One of the taxa of which specific diversity remains poorly recognized is Cranichis described in the end of XVIII century (Swartz 1788). The nominal species, C. muscosa Sw., was selected over 150 years after the formal description (Acuña 1939). The taxonomic position of the genus in Orchidaceae is not questioned. While in the older classification systems (Pfitzer 1889; Bentham and Hooker 1862–1863; Dressler and Dodson 1960), Cranichis was placed in a broadly defined tribe Neottieae, currently it is recognized as a member of subtribe Cranichidinae in Cranichideae (Dressler 1981, 1993; Szlachetko 1995; Szlachetko and Rutkowski 2000; Chase et al. 2003). Nevertheless, Dressler (1981, 1993) and Szlachetko (1995) considered Cranichideae as a tribe of subfamily Spiranthoideae based on their morphological characters, while the molecular taxonomists (Chase et al. 2003; Salazar et al. 2003) placed it in Orchidoideae.
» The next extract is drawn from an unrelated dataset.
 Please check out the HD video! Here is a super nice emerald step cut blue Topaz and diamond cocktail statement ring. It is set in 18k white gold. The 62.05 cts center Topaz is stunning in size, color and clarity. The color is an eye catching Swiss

The aim of this study was to evaluate the morphological differences between Cranichis and allied genera segregated from this taxon in the recent years: Exalaria Garay and Romero, Ocampoa A. Rich. and Gal. and Pseudocranichis Garay. In addition, the results of the revision of Colombian representatives of Cranichis s.s. are presented and a key to the national species is provided.

Materials and methods

In total about 1,000 herbarium specimens of Cranichis and related genera were revised. The material was studied in or borrowed from the following institutions: AAU, AMES, AMO, B, BM, C, CAS, CAY, CICY, COL, CUVC, E, ENCB, F, FLAS, G, GB, HAJB, HB, HEID, HPUJ, HUA, HURP, INB, JAUM, K, L, LE, LINN, M, MA, MEXU, MO, MOL, NY, P, QCA, QCNE, QPLS, RENZ, RPSC, S, SEL, TEFH, TULV, U, UC, UGDA, UPRRP, US, USJ, USM, VALLE, VEN and W.
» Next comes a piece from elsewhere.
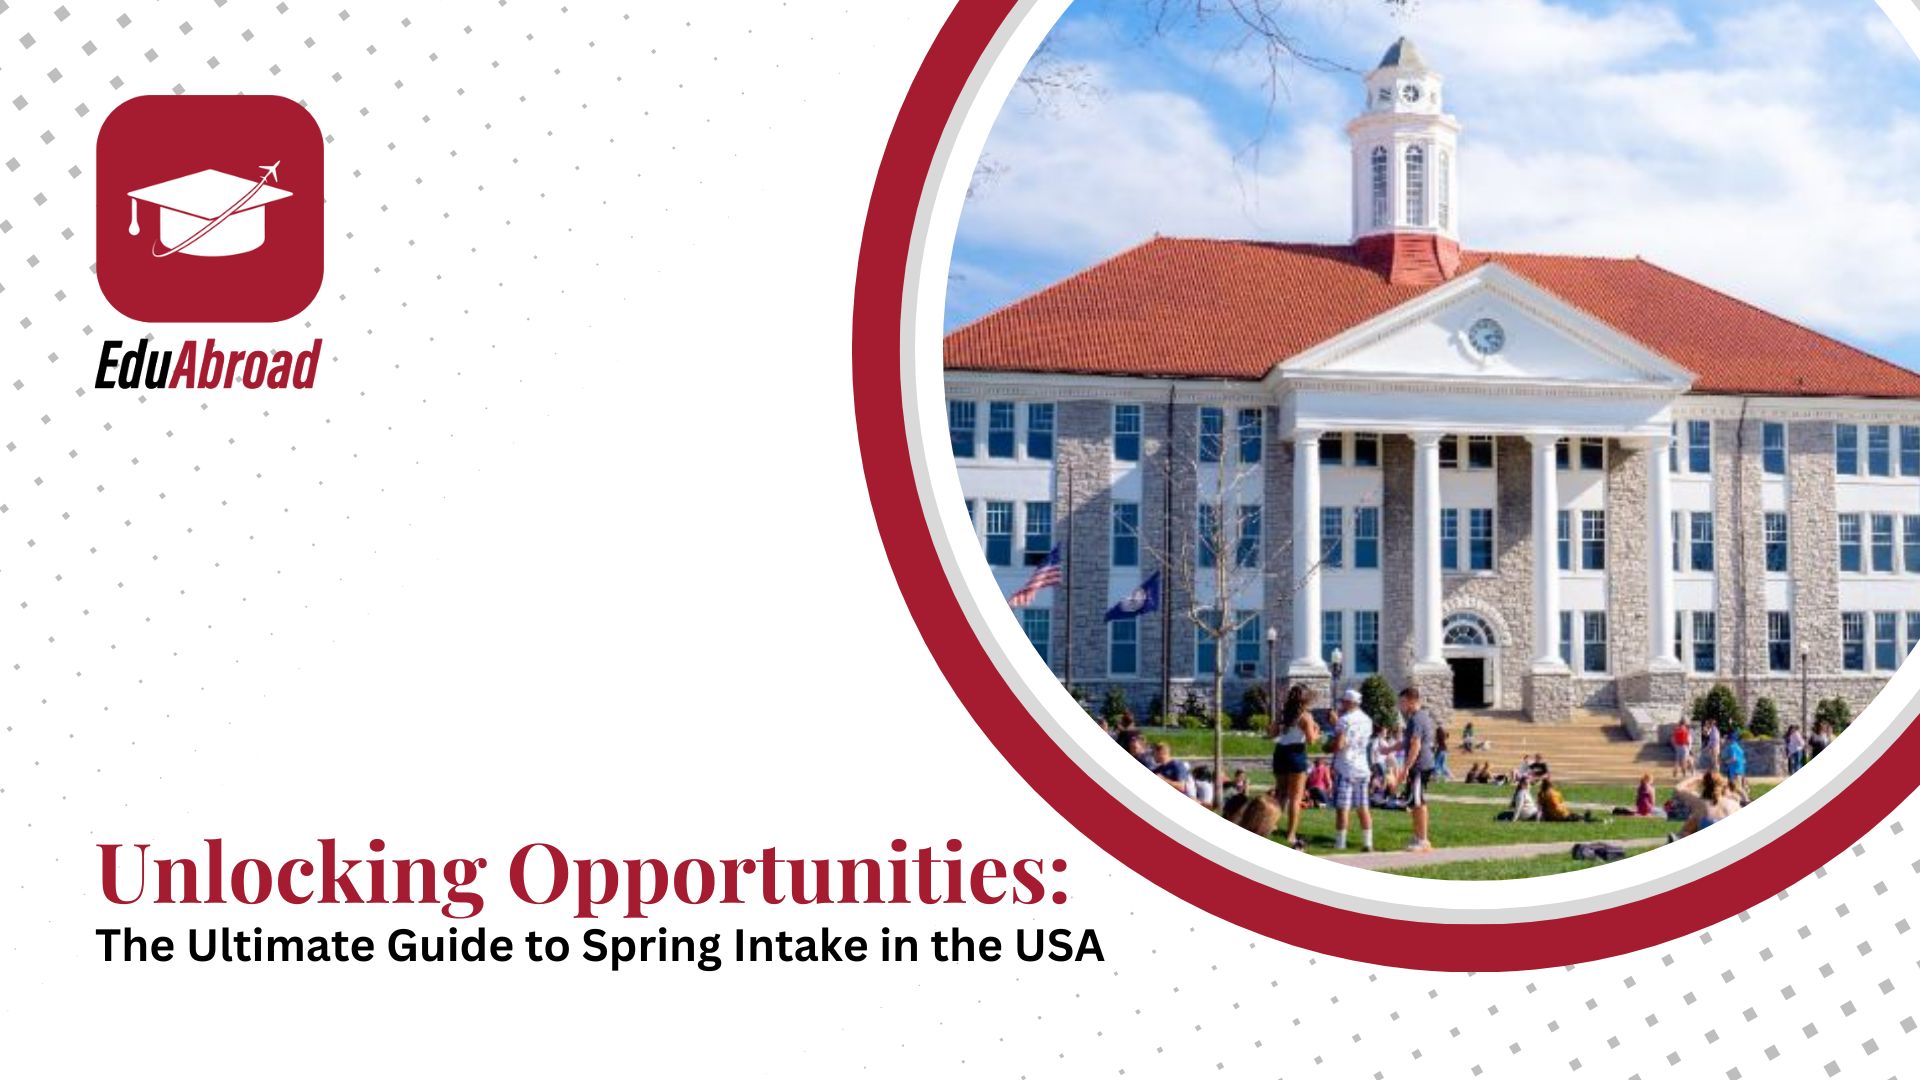 Unlocking Opportunities: The Ultimate Guide to Spring Intake in the USA

Dried herbarium specimens were examined according to the standard procedures. Every studied sheet was photographed and the data from the labels were taken. Both vegetative and generative characters of each plant were studied. The shape and size of the leaves were examined first, then the arrangement of the inflorescence and the shape and size of the floral bracts and ovary. The morphology of flower and the surface of its elements were examined after softened in boiling water. The stereomicroscope was used to make observations of the perianth parts and their measurements.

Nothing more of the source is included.